Problem statement: Leave out the pictures and reproduce all of the data exactly.

Collected data:
- - - -
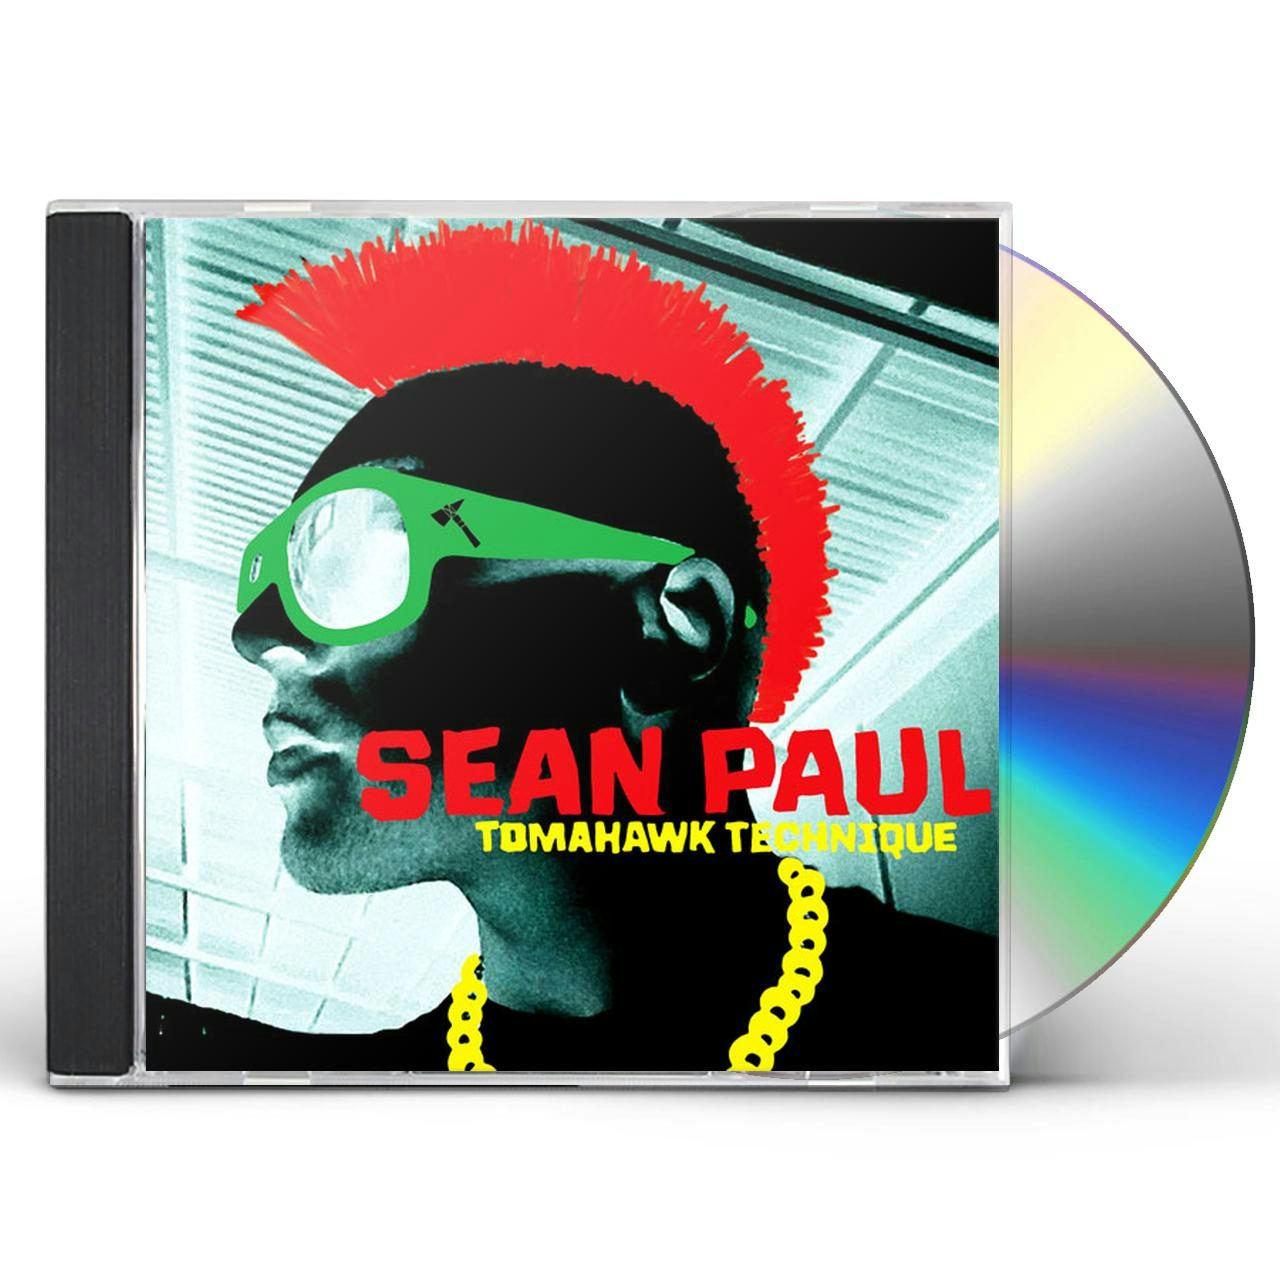 Sean Paul Dutty Rock (Crystal Clear) 2LP $31.77
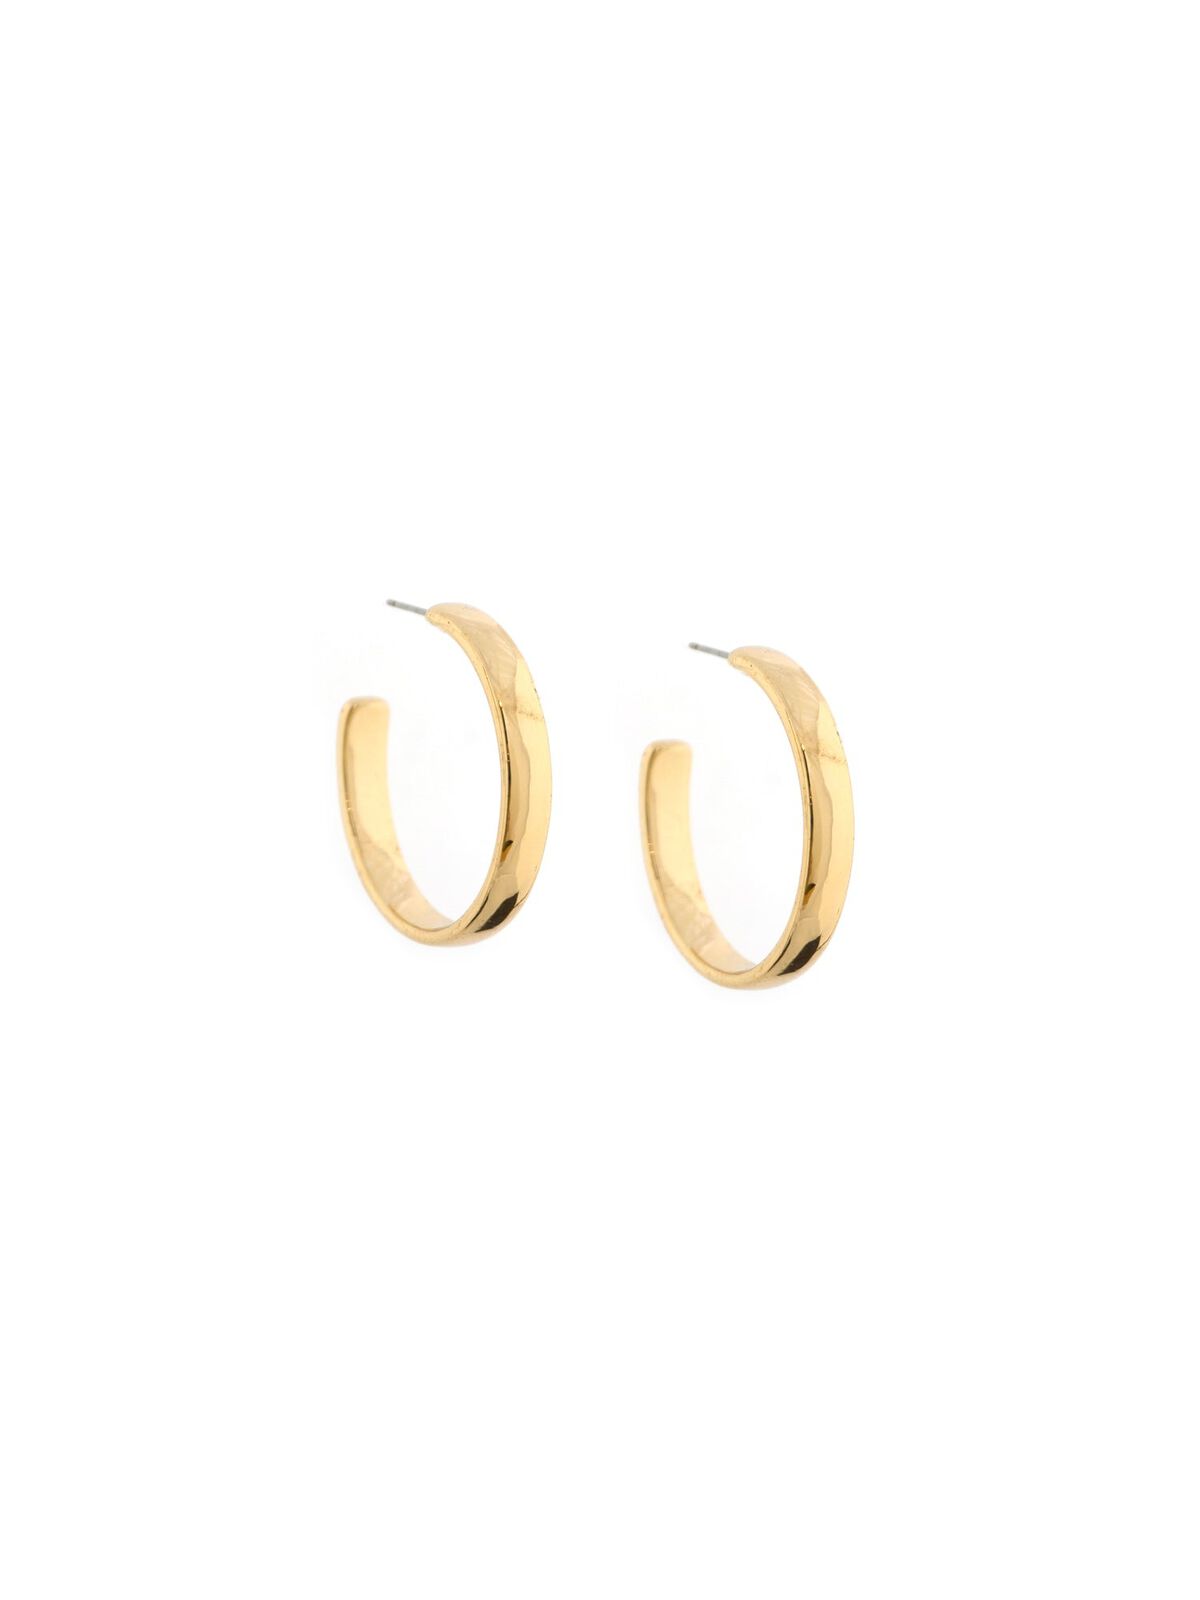 Marlyn Schiff Hoop Earrings
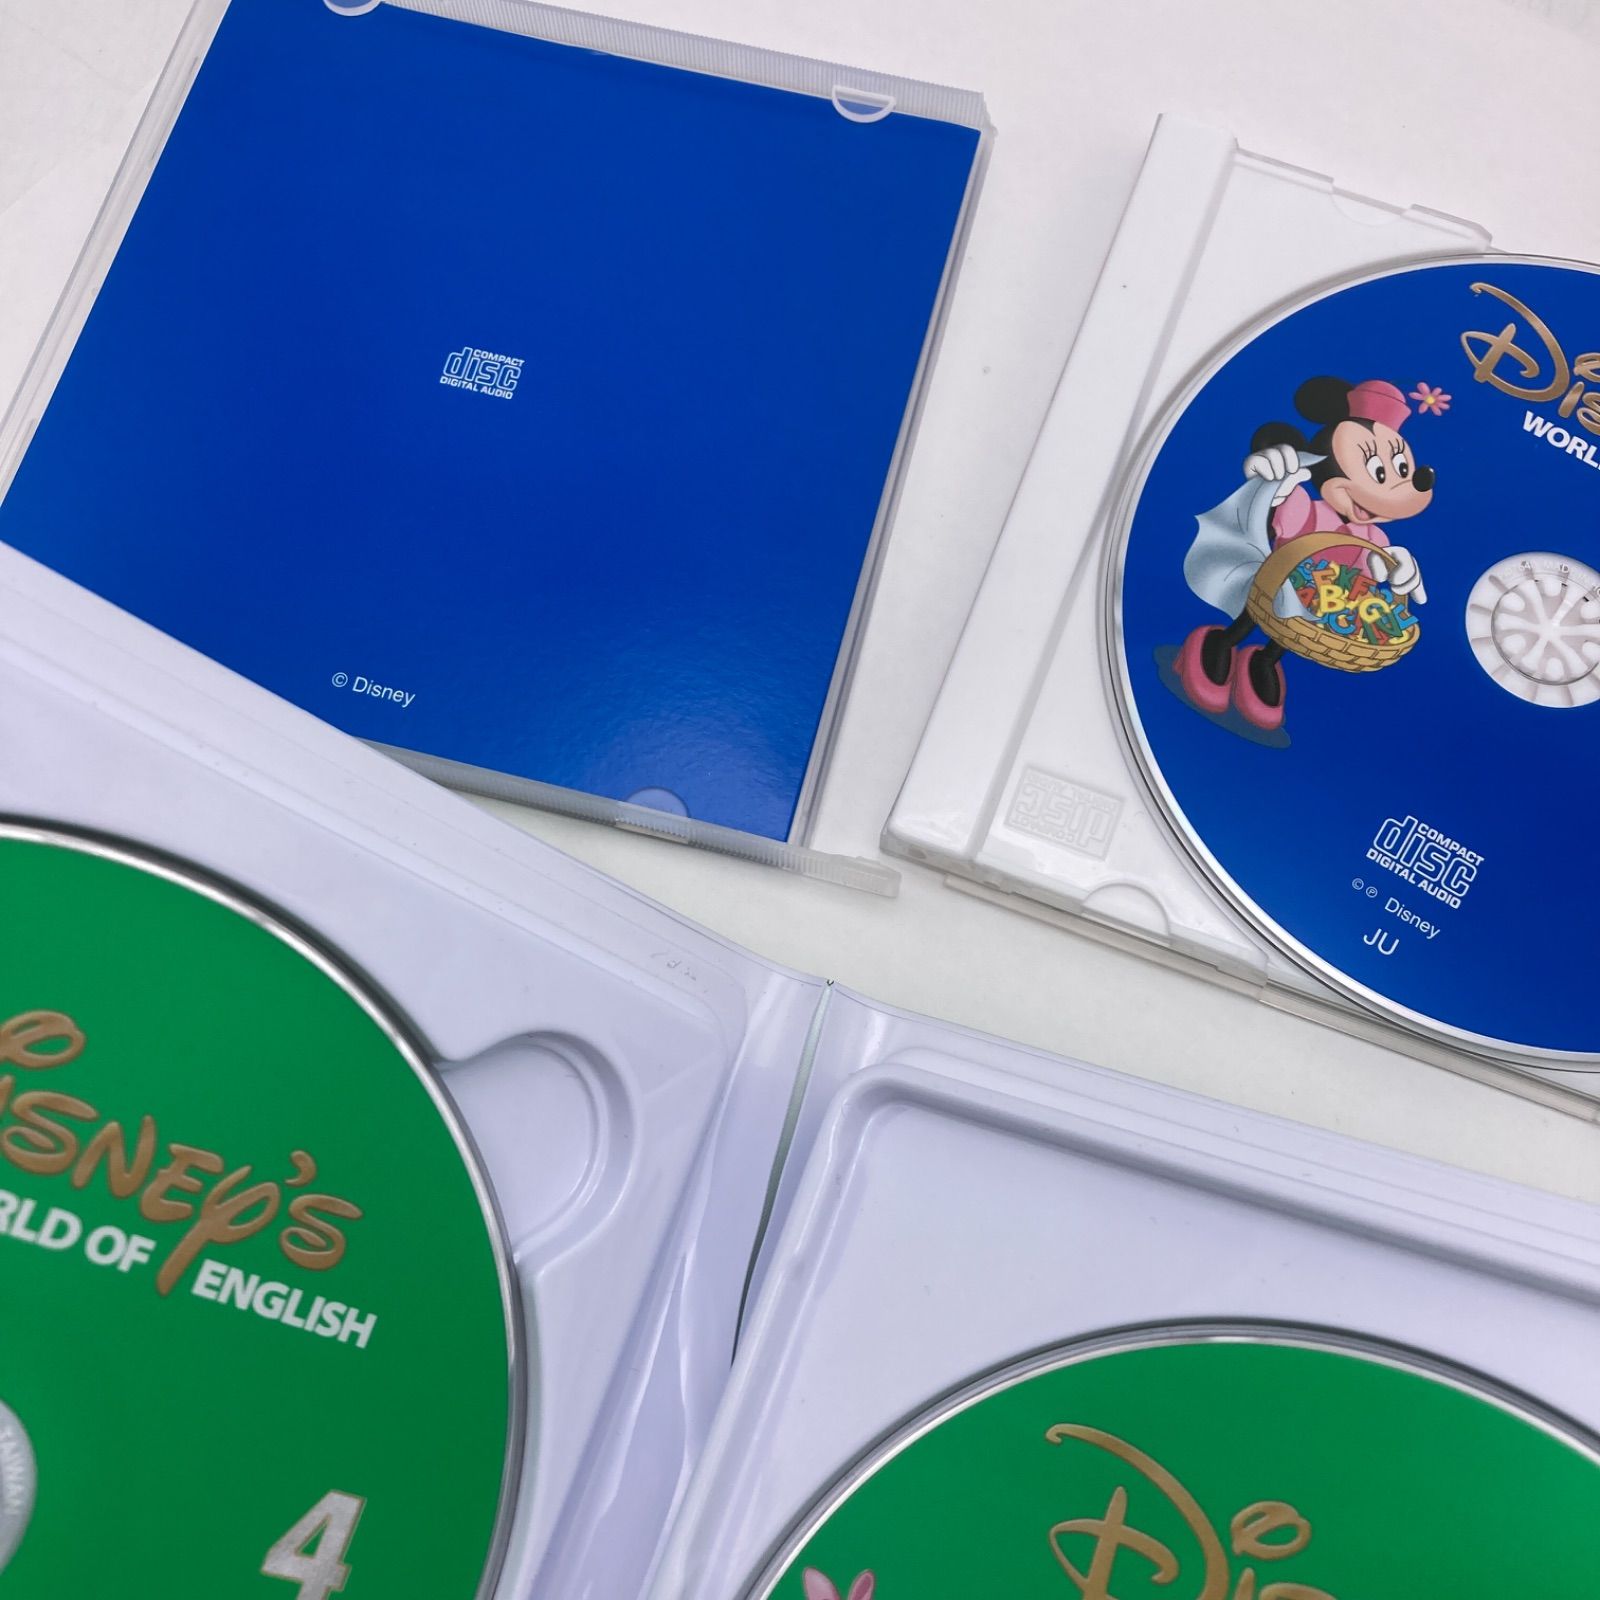 2017年購入 メインプログラムセット 絵本 CD DVD24枚 新子役 字幕あり ディズニー英語システム DWE Disney ワールドファミリー  中古 500621 - メルカリ
- - - -
Response below:
 Sean Paul Dutty Rock (Crystal Clear) 2LP $31.77
 Marlyn Schiff Hoop Earrings
 2017年購入 メインプログラムセット 絵本 CD DVD24枚 新子役 字幕あり ディズニー英語システム DWE Disney ワールドファミリー  中古 500621 - メルカリ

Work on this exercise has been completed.